## DATASET RECORDS
╔══
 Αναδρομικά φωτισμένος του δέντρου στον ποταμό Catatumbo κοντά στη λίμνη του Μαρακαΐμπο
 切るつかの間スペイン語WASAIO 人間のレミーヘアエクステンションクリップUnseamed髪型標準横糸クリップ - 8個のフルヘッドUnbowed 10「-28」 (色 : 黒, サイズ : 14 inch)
╚══
╔══
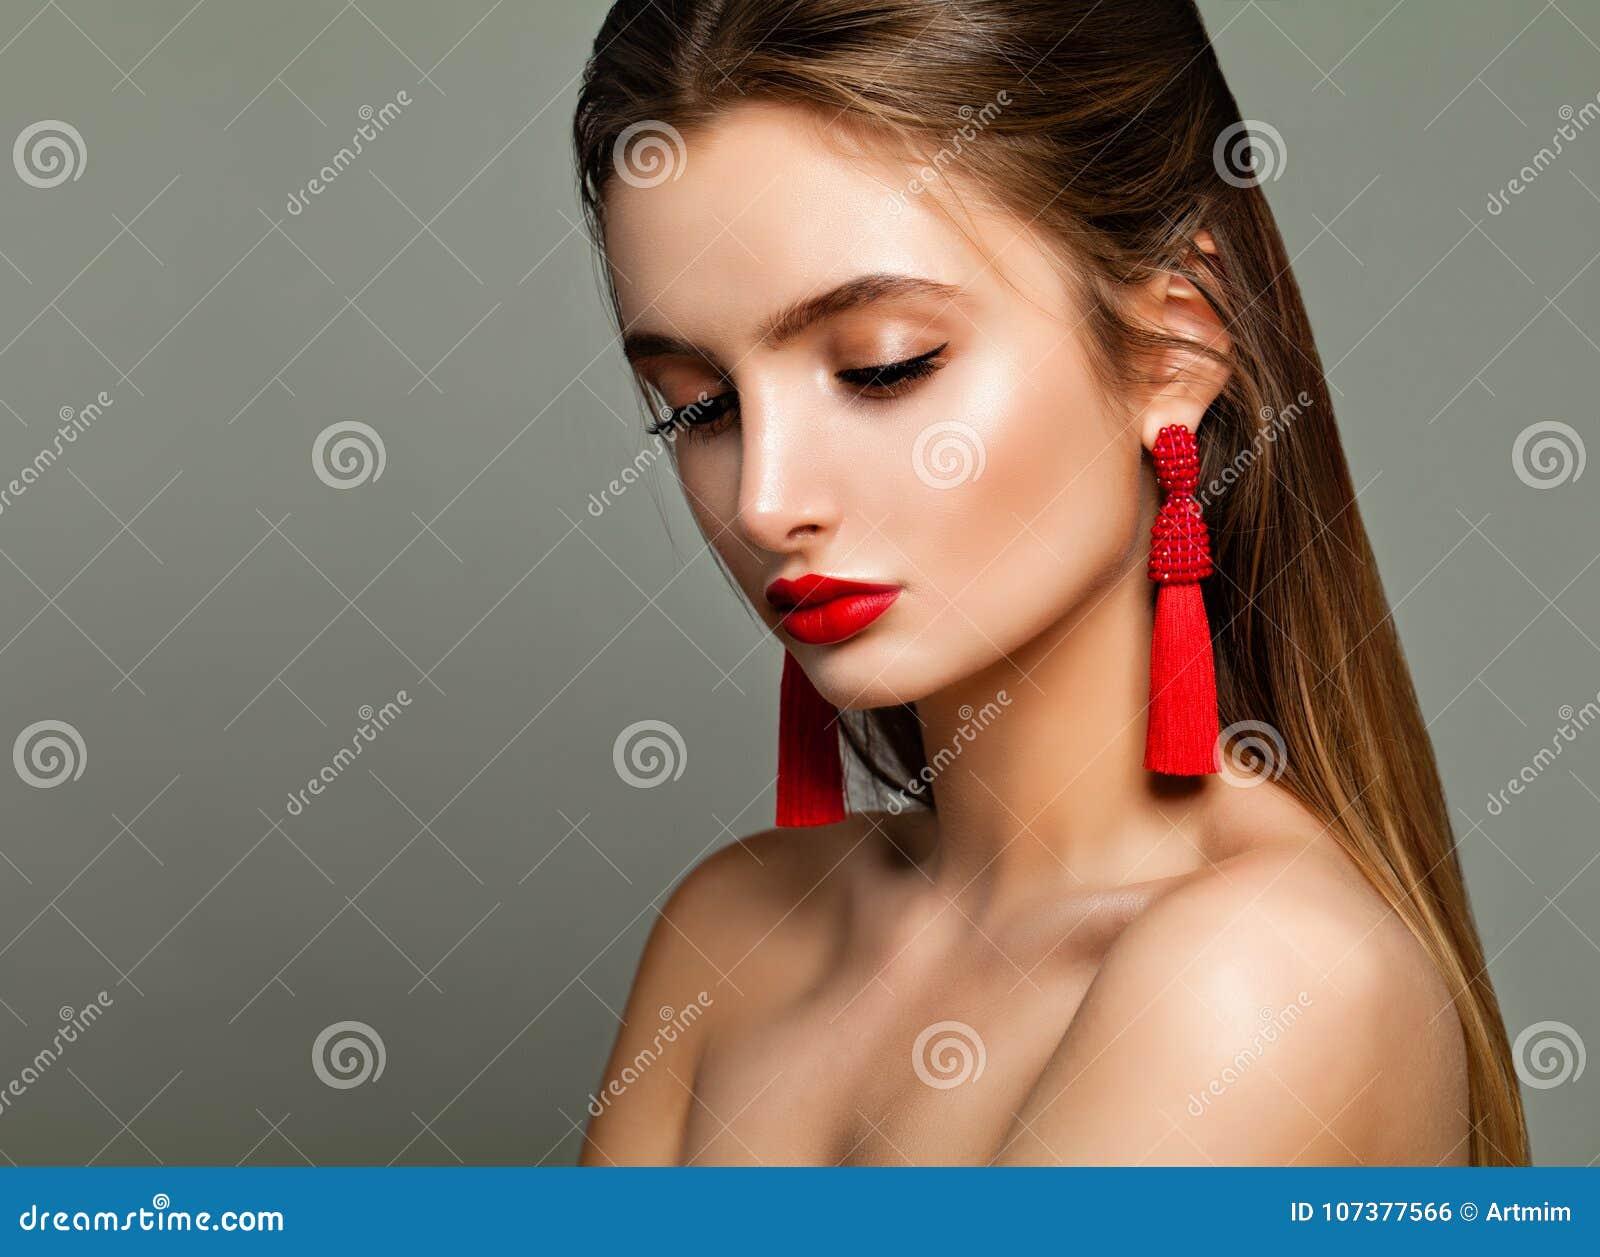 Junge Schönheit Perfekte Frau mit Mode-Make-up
╚══
## ACTION ITEM
The required output is every line above from the one with "Αναδρομικά φωτισμένος του" down to the one with "サイズ : 14 inch)", restated word for word, ends included.

## ANSWER FOR THE TASK
 Αναδρομικά φωτισμένος του δέντρου στον ποταμό Catatumbo κοντά στη λίμνη του Μαρακαΐμπο
 切るつかの間スペイン語WASAIO 人間のレミーヘアエクステンションクリップUnseamed髪型標準横糸クリップ - 8個のフルヘッドUnbowed 10「-28」 (色 : 黒, サイズ : 14 inch)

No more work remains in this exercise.